Law Society of B.C. Approves Major Changes in Regulation of Legal Services

In a news release dated today, the Law Society of British Columbia has announced approval in principal of three recommendations made in the final report of the Legal Service Providers Task Force, to wit:

  • The Law Society and the Society of Notaries Public of British Columbia seek to merge regulatory operations.
  • That a program be created by which the legal regulator provide paralegals who have met specific, prescribed education and/or training standards with a certificate that would allow them to be held out as “certified paralegals.”
  • That the Law Society develop a regulatory framework by which other providers of legal services could provide credentialed and regulated legal services in the public interest.

The benchers’ support for the recommendations was unanimous.

Law society regulation of paralegals has precedent in Ontario, but the opening of a door to “other providers of legal services” is a step into new territory for Canada.

This is approval in principle, it should be repeated, and there will need to be considerable work on details before actual regulations can be promulgated.

[Hat tip: Malcolm Mercer via the Canadian Legal Ethics email list]


  1. If my feedback paper (47 pages) to the LSBC’s Legal Services Providers Task Force’s Interim Report (July 12, 2013), made any impression, it doesn’t show in their Final Report. The theme of my paper is that unless law societies solve the, “access to justice, unaffordable legal services causing lawyers to be short of clients problem,” they will never have a persuasive answer to the argument that the resulting conflict of interest should bar them from being the regulators of non-lawyer providers of legal services.

    My “Conclusion” states:
    “To argue persuasively that a law society in Canada should be the single regulator of all providers of legal services requires that, that law society solve the problem as to legal services not being available to the population at reasonable cost. Similarly, the progress of the loss of self-regulation by Canada’s law societies can best be resisted by solving that same problem. That problem and its solution have not been entered into the self-regulation debate, which in itself is an argument with which to rebut all that has been written in favour of removing self-regulation. But, law societies will not have that appearance of credibility and reliability necessary to be persuasive in arguing that they should be given the power to regulate the provision of legal services by other professions until they do solve that problem. When they do have that power, their functions will be more necessary to the communities they serve. In turn, their position in the self-regulation debate will be made stronger. But if they take on the power to regulate other professions without having solved the problem, when the government steps in to again make legal services available at reasonable cost, the arguments in favour of removing self-regulation will be much stronger. If law societies cannot regulate their own profession, all the more persuasive is the argument that they cannot regulate any aspect of anyone else’s profession.

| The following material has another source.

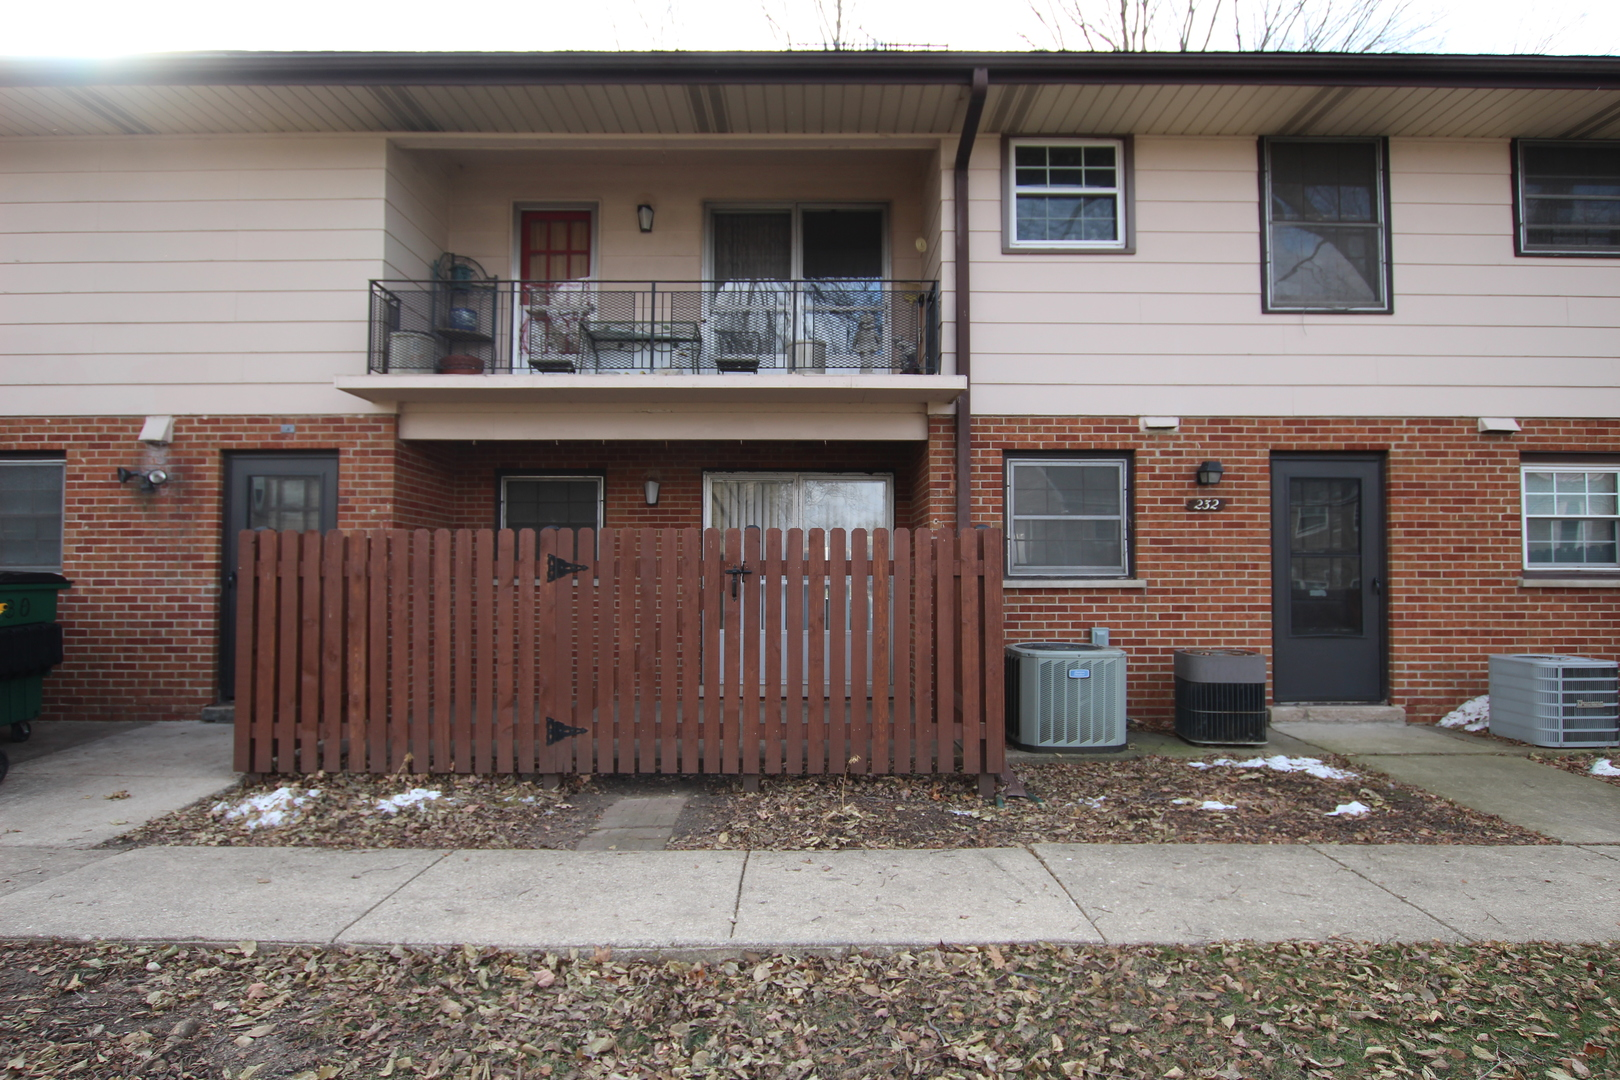 232 WASHINGTON B, ELK GROVE VILLAGE, Illinois, 60007

    “Decisions concerning: (1) the problem of unaffordable legal services and its consequences to the population; (2) the great power of instant and wide-spread communications provided by the internet, the social media, and the news media in dealing with those consequences; (3) the self-regulation debate; and, (4) all matters as significant as the regulation of the provision of legal services by other professions, should each be considered as to their impact upon the other three. To consider the one without considering the effect upon the others would be similar to a law society considering cost-cutting and reduction of its major programs without considering the resulting effect upon the reputation of that law society, and the resulting law society and legal profession that it will leave to future generations of lawyers.

    “Addendum: the Task Force’s Interim Report states (at p. 11): ‘… cost was not the primary factor that determined whether one chose to seek legal assistance or not.’ I disagree, … it would be a mistake if the law societies do not come to believe that the absence of affordable legal services is not a primary factor and the leading cause as to why the majority of the population has chosen not to use lawyers. If it were not, the great volume of literature that has been written about this “access to justice” problem since 2007 would not have been published, and the disturbingly high and increasing percentages of unrepresented litigants whom judges are warning are clogging their courts, would not be happening.”

    –Ken Chasse, LSUC & LSBC.

  2. In the recent past, LSBC’s references to paralegals have always been to paralegals employed by lawyers (and maybe corporations), not paralegals with their own practices, as in Ontario. Has that changed? Do the new proposals contemplate independent paralegals competing with lawyers within whatever areas of practice are allowed to them (and who decides what that is)?